Archive for December, 2007

Christmas

Wednesday, December 26th, 2007

This year’s Christmas is the best so far in my entire life.

NO, my house does not have a Christmas tree or gifts piled up in one corner. We have no Christmas lights or Christmas food. So what made it the best?

I had the opportunity to do 3 of my favourite things, spend time with loved ones, worship God and eat! Haha… it started from caroling and it’s yet to stop…haha…

One of the things that turned 180 degrees this year was the way I felt when I read Christmas cards. I used to love them…I still do… but it doesn’t seem the same anymore… Cards are usually filled with praises and encouragement that really makes my head expand…and I’d be all happy and proud… haha… I confess… all glory to God…

The cards are still filled with praises and encouragement…but this time round, instead of feeling :”That’s right, I did that. Thank God I’m apreciatted”…repent… repent… repent… hahah… I’m feeling :”Oh no, I don’t deserve this. I didn’t really do what I he/she thinks I did.” I was near tears as I read the cards/bookmarks and that almost caused a glitter disaster.

I don’t know… I just don’t think I’m as good as what they say I am… I feel that truly it’s God’s grace that made it all happened in the way they perceived it…

But I am glad about this. Not because I’m being flattered. But for the first time in many years, I am able to sincerely say, :”Glory to God.” instead of puffing up with pride in my heart. God has freed me to appreciate grace and be able to give praise as it should be given.

For such a thing, I am glad and thankful. It may be low self-esteem. But at least it’s high God-esteem. =D

Merry Christmas and Blessed New Year!

ESPlosion 6 Testimony

Thursday, December 20th, 2007

Went to camp with 2 things in my heart. One was to seek direction as to what course should I take for uni. I don’t want to get stuck in a course that isn’t God’s choice. Second was to see my friends have an encounter with God.

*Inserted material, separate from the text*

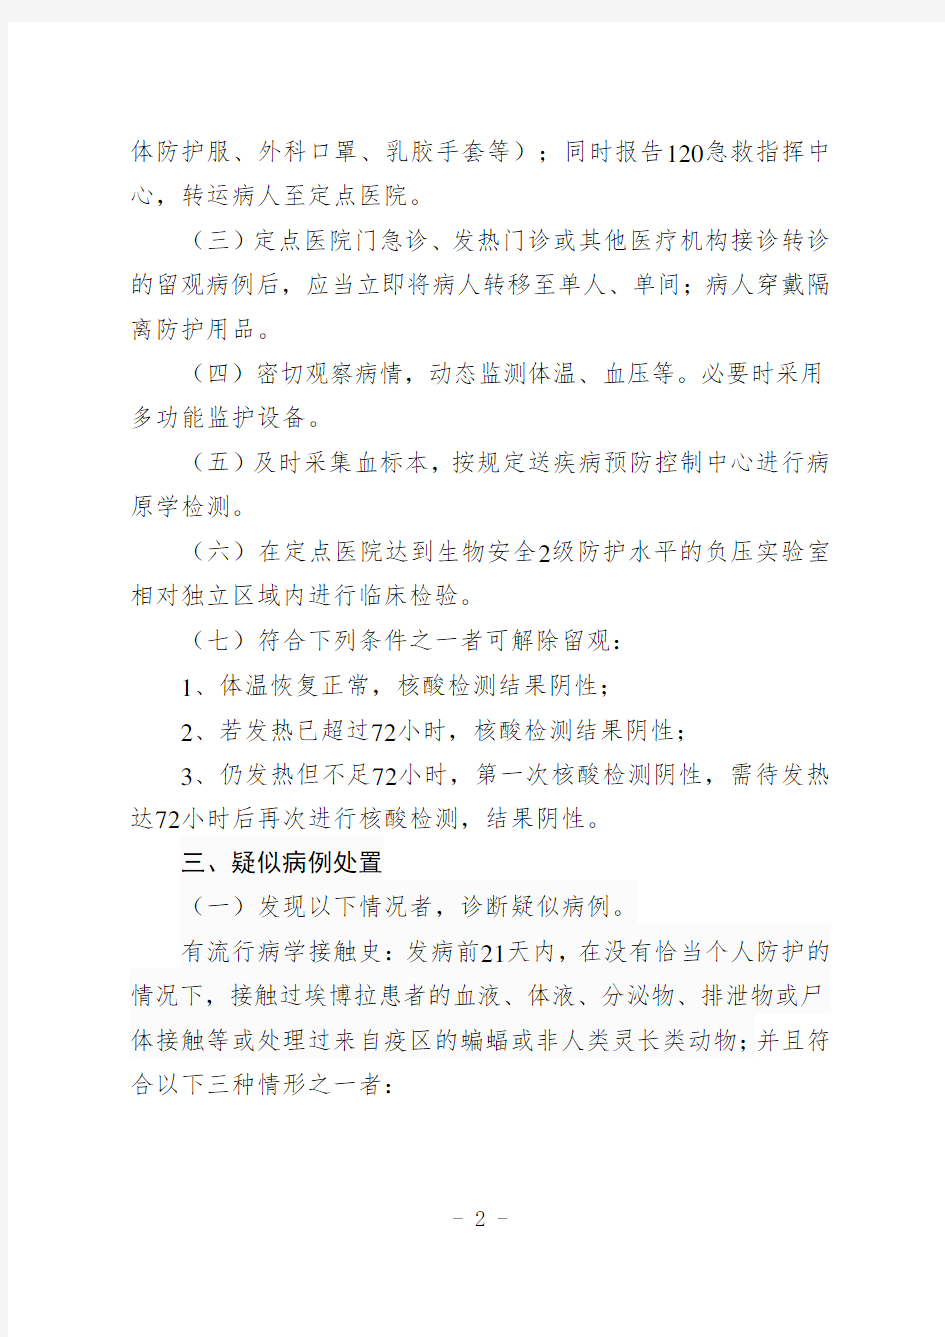 1.广东省埃博拉出血热相关病例处置方案(2014年第一版)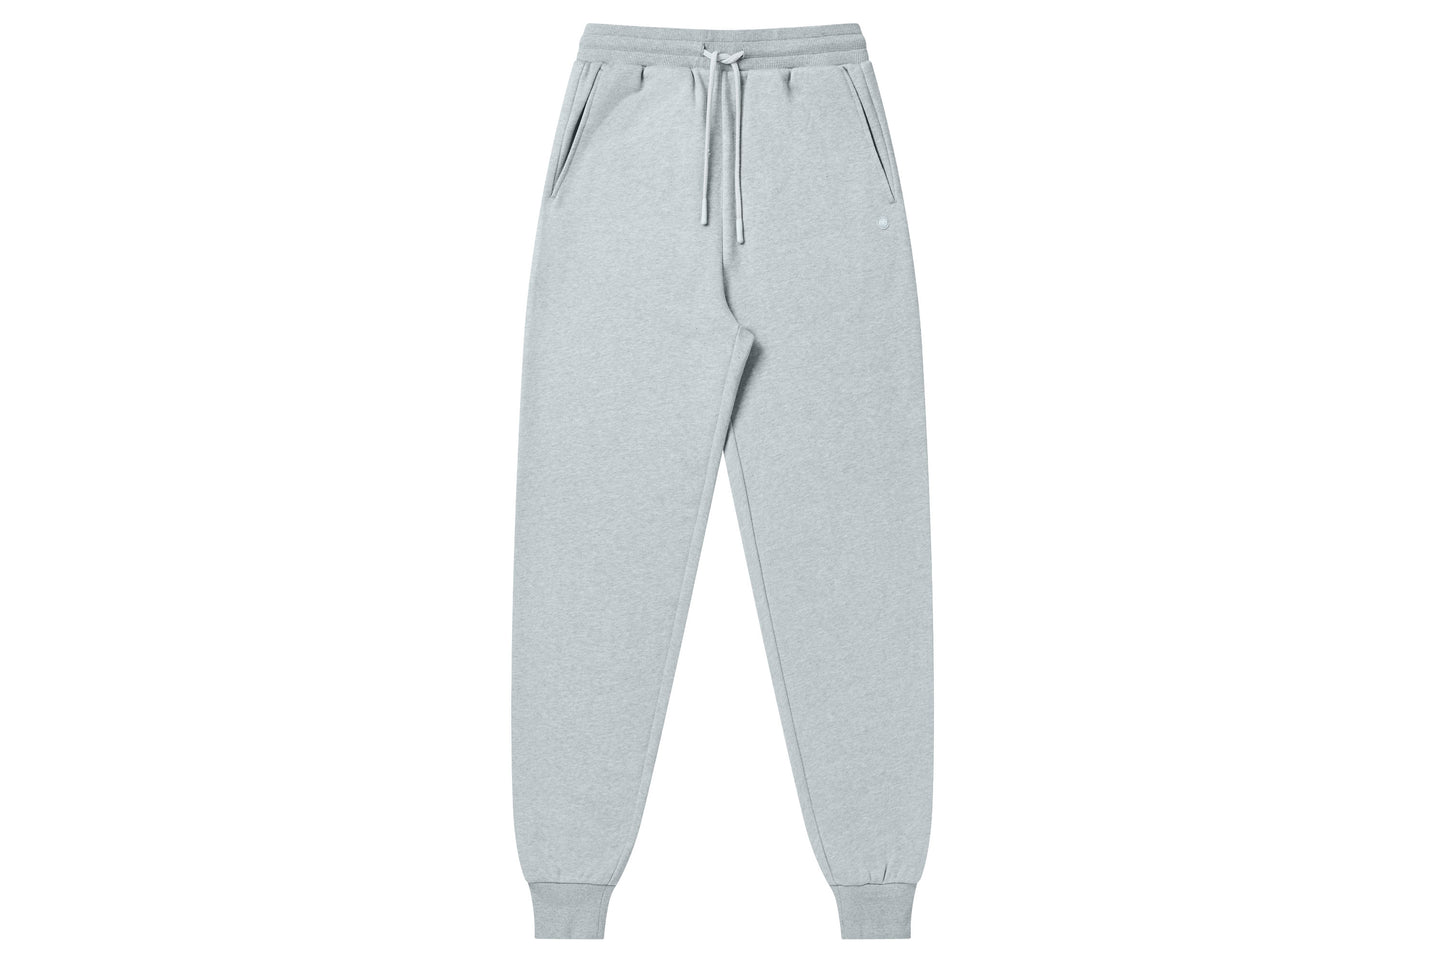 Blair Womens Grey Drawstring Sweatpants Size Small - beyond exchange

God thought me to relax and trust Him. I know He’s been trying to teach me that for the last 2 years. But I guess I just haven’t got a hang of it. But God is gracious. He reminded that salvation is His. So I didn’t have to “save” my friends. I just had to do my part. He also reminded me take things step by step and to be obedient. Was reminded to take this “calm before the storm” period to study His Word. (I’ve just finished STPM and ‘waiting’ for results.)

He also showed me a flaw in my belief. I always thought that God would tell me what’s next. He will, just not in the way I would want Him to. His word is a lamp unto my feet. I was thinking of flood lights kinda lamps where I can see all within  a range of 50 meters. Well, God doesn’t always work like that. More often He gives us just enough light for us to be able to carefully take the next step. And one more thing, unless we take the next step, we won’t move forward, the lamp that shows the way won’t move forward, and we won’t be able to see what’s next. So that’s faith, trusting that God will light the way even though we can’t see what’s in front of us.

So I’m living each day. Trying hard to trust and believe and let God do what He wants to do how He wants to do it. Because He knows best. Honestly, though sometimes I doubt, but God has been faithful. I can’t wait to see what He has installed for me.

Nothing extraordinary, but no less miraculous. That is God’s grace.